I may be wrong, but I got the feeling that the issue stems from using OpenMP within a method that it itself called from a child thread of the program (and not from its main thread). Normally, OpenMP would be used from the main thread (the whole point of OpenMP being to avoid dealing yourself with threads). Maybe it works under Windows and not under Linux...
Also, regarding this particular mesh optimizing method, I don't think the result you got while benchmarking it is very relevant (at least on multi-core CPUs).

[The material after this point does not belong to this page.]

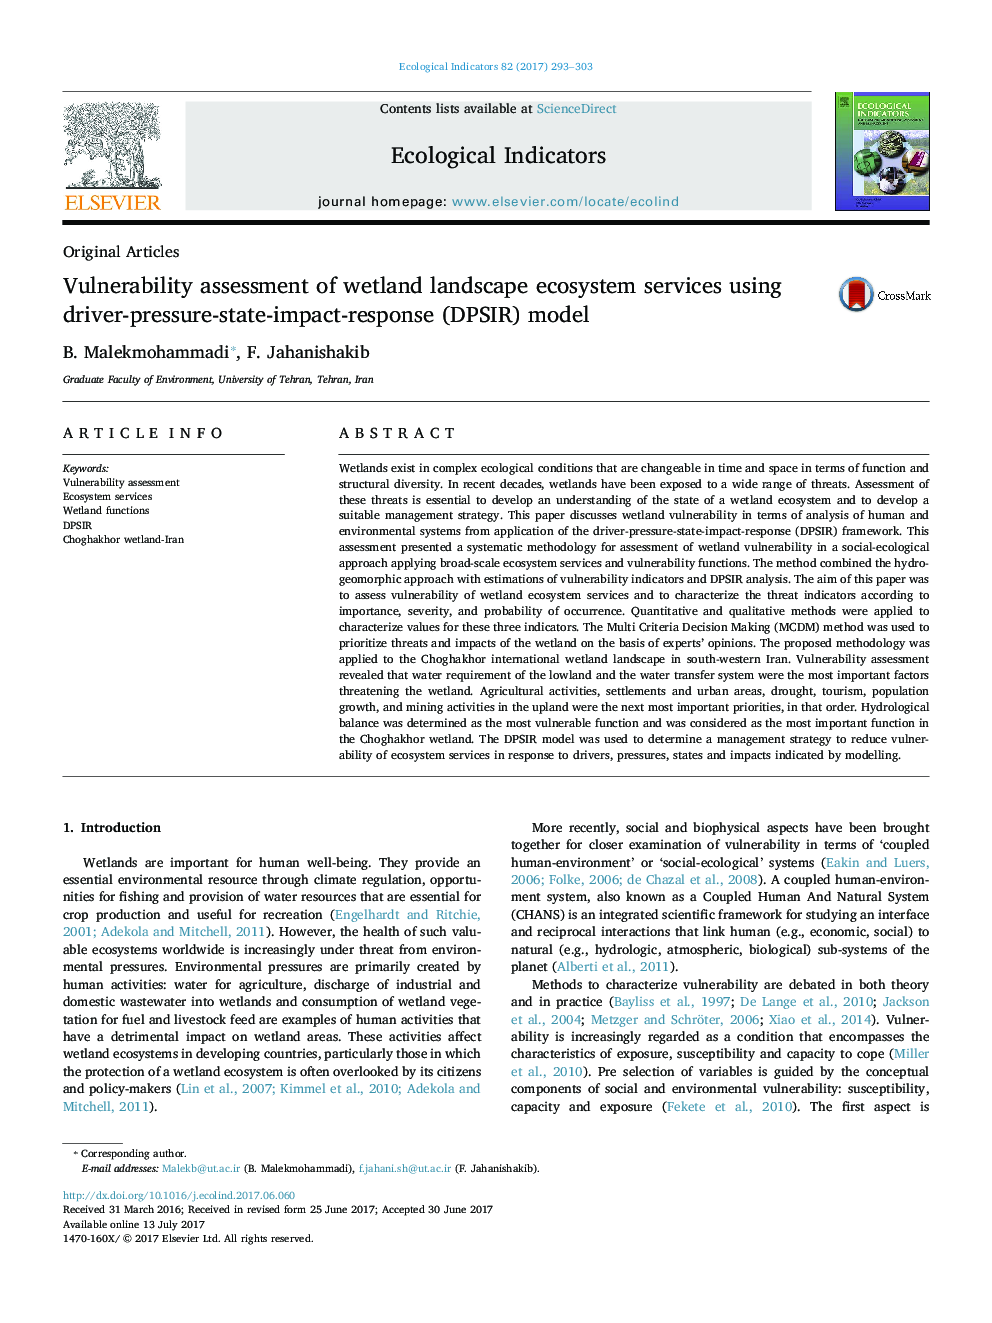 Original ArticlesVulnerability assessment of wetland landscape ecosystem services using driver-pressure-state-impact-response (DPSIR) model
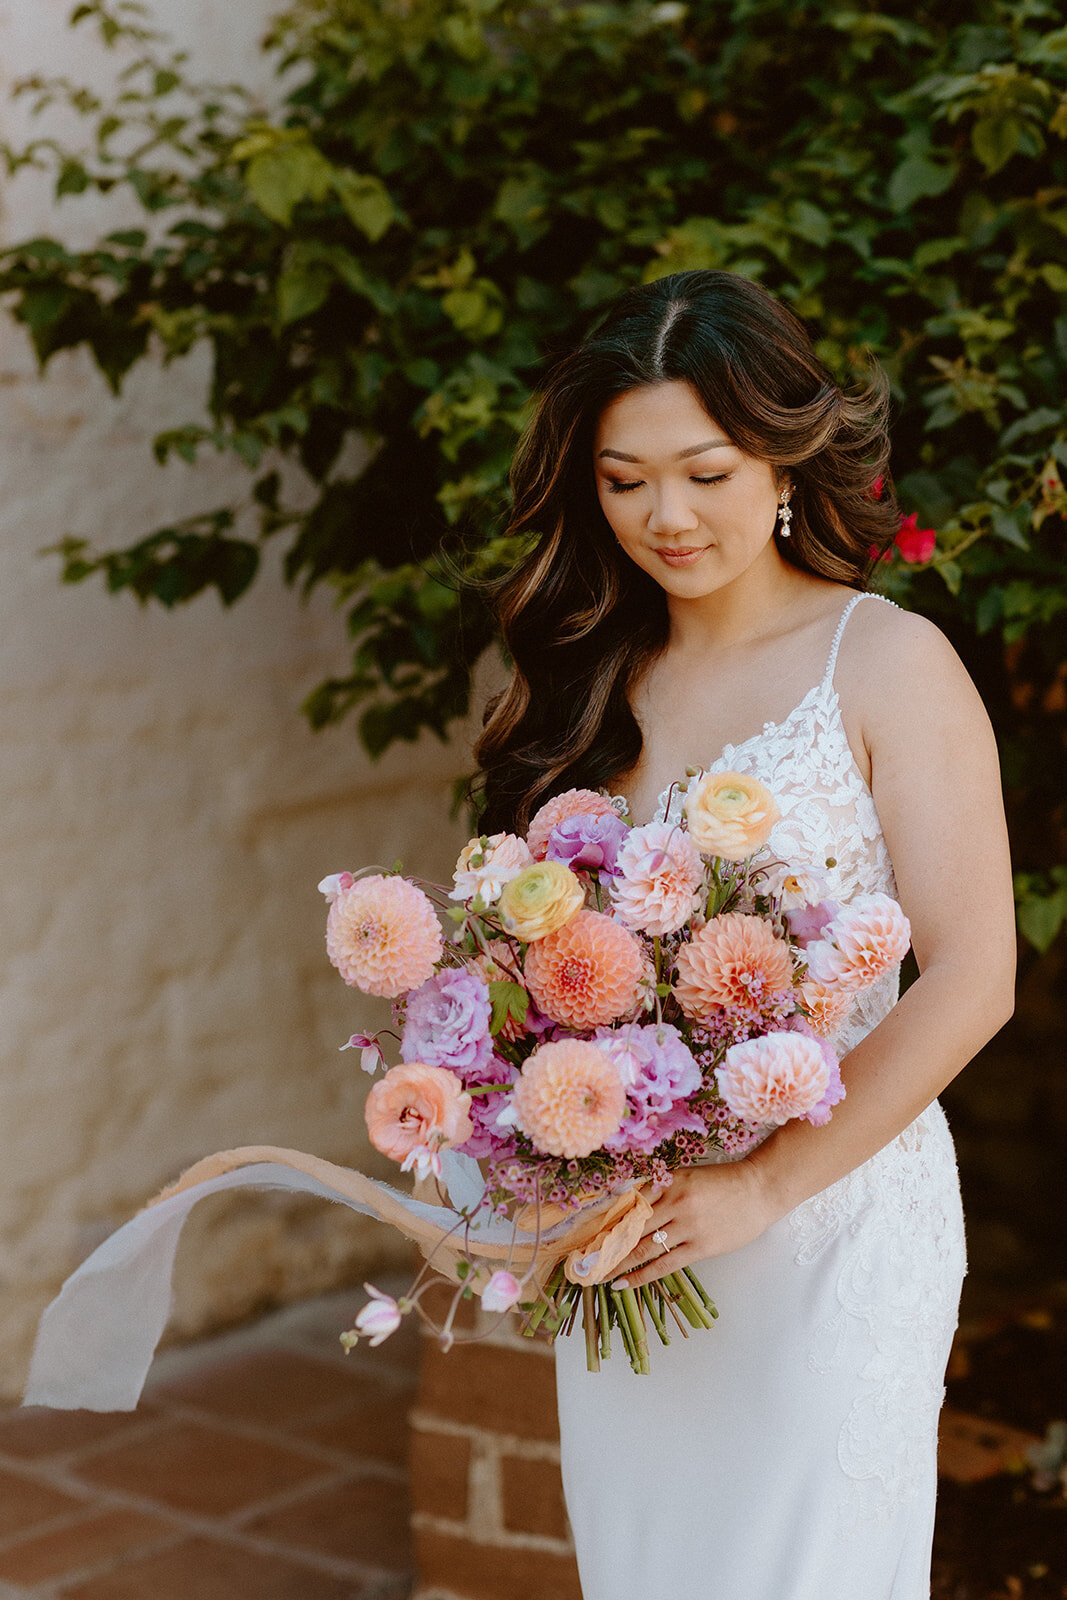 Bride holding a colorful bouquet

Why ? Because you apparently (if I understood correctly what you wrote) measured the CPU load, but not the relative time slice it takes in the main thread (which would be close to zero and only the cause of mutex locks overhead and such, since this method is called from the mesh repository thread).
On a mono-core CPU, your "5%" would definitely be a relevant measure and would deserve optimization, but on a multi-core CPU and considering this method is called in a child thread, it does not really impact the main thread loop run time (i.e. the rendering itself, the objects list and UI refreshes, plus all the sundry synchronization tasks between threads).
Granted, spreading the mesh optimization on more cores would definitely lower the rezzing time of meshes (so your work is not at all useless), even if by a small amount (relatively to the download time of the said meshes).
I do not know how the VS profiler works, but if possible, it would be worth running it only on the main viewer thread to highlight the hot spots that do count for the user.